A_1 =\{\text{white ball drawn}\}

next we add a black ball and let A_2 again be the event \{\text{white ball drawn}\}. We continue on like that.

Now P(A_n)=1/(n+1). Clearly the A_i’s are independent and

\sum P(A_i) = \sum 1/(n+1) = \infty

and therefore

P(\{A_n \text{i.o.}\}) = 1

So no matter how many balls are already in the urn, at some point in the future we will again pick a white one.

Say in each round we add k black balls, then again we have

\sum P(A_i ) = 1/(1+1) + 1/(2+k) + 1/(2+2k) + .. =\sum 1/(2+nk) =\infty

and for any k>0, so the same conclusion holds!

Now say that in each round we doubled the number of black balls added, so in the first round it is 1, then 2, 4, 8 etc

\sum P(A_i ) = 1/(1+1) + 1/(2+2) + 1/(4+4) + .. = \sum 1/2^n < \infty

and so now there will be a time after which we never pick the white ball again.

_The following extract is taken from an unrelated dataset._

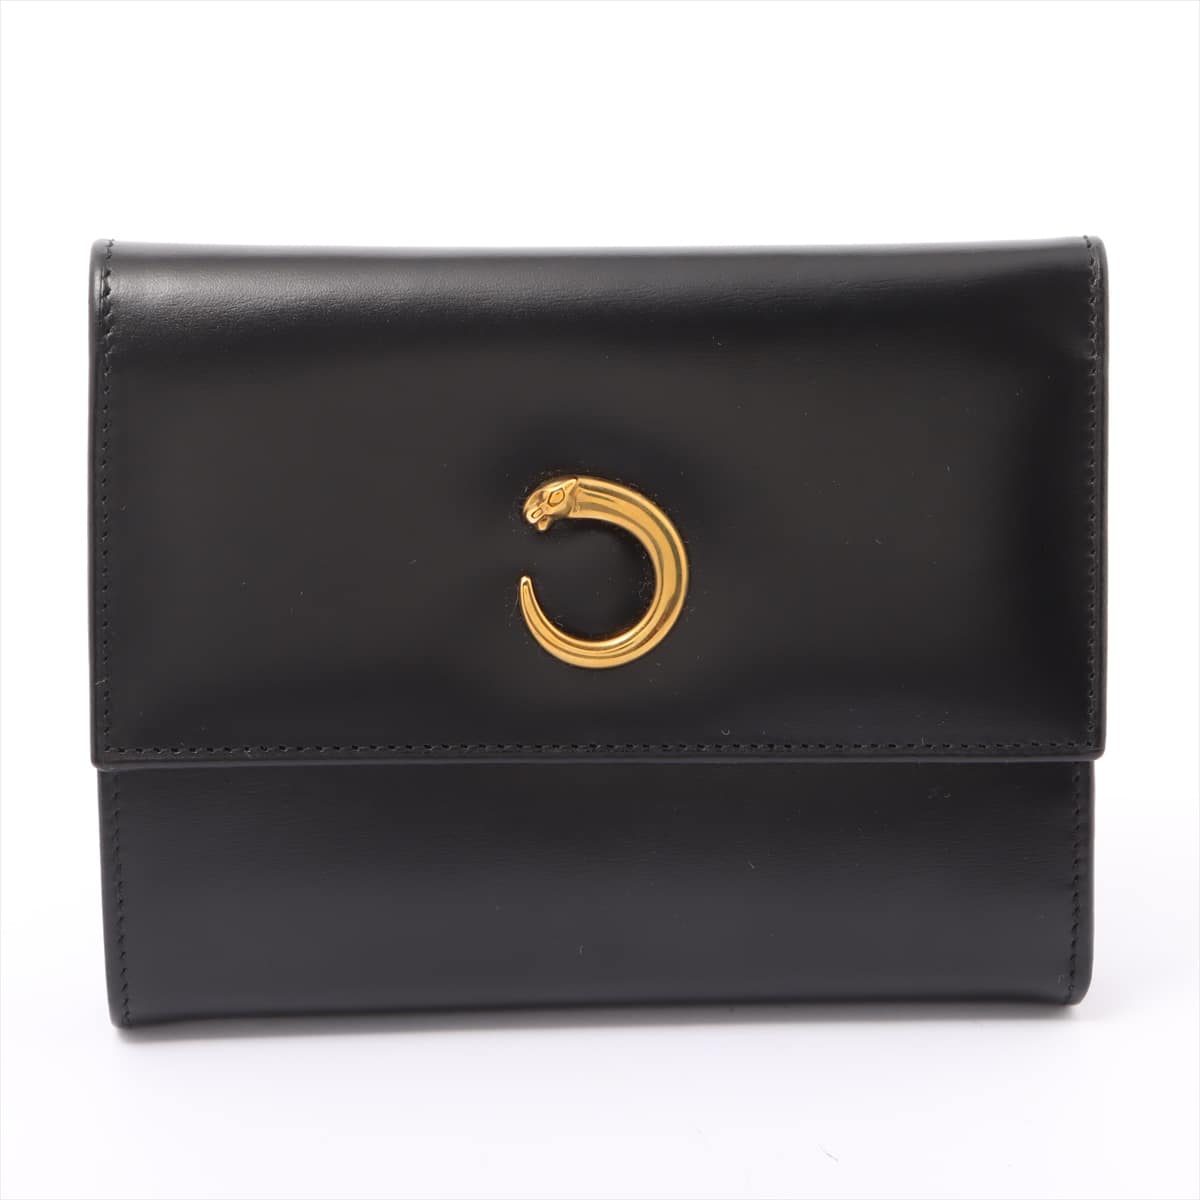 Cartier Panthère Leather Wallet Black

If we take the two Borel Cantelli lemmas together we have the following: Let \{A_n \} be a sequence of independent events, then

P(\{A_n \text{i.o.}\}) = 0 \text{ or }1

This is an example of a so called 0-1 law, of which there are quite a few in probability theory. Here is one of the famous ones:

Definition (1.2.17)

Let \{A_n \} be an infinite sequence of events. An event B is called a tail event if knowing whether or not A_n occurred for each n determines B, but B is independent of any finite collection of A_n’s.

Example (1.2.18)

P(\{A_n \text{i.o.}\}) is a tail event.

Theorem (1.2.19)

Kolmogorov’s 0-1 law

Let B be a tail event of the sequence \{A_n \}. Then P(B) is either 0 or 1.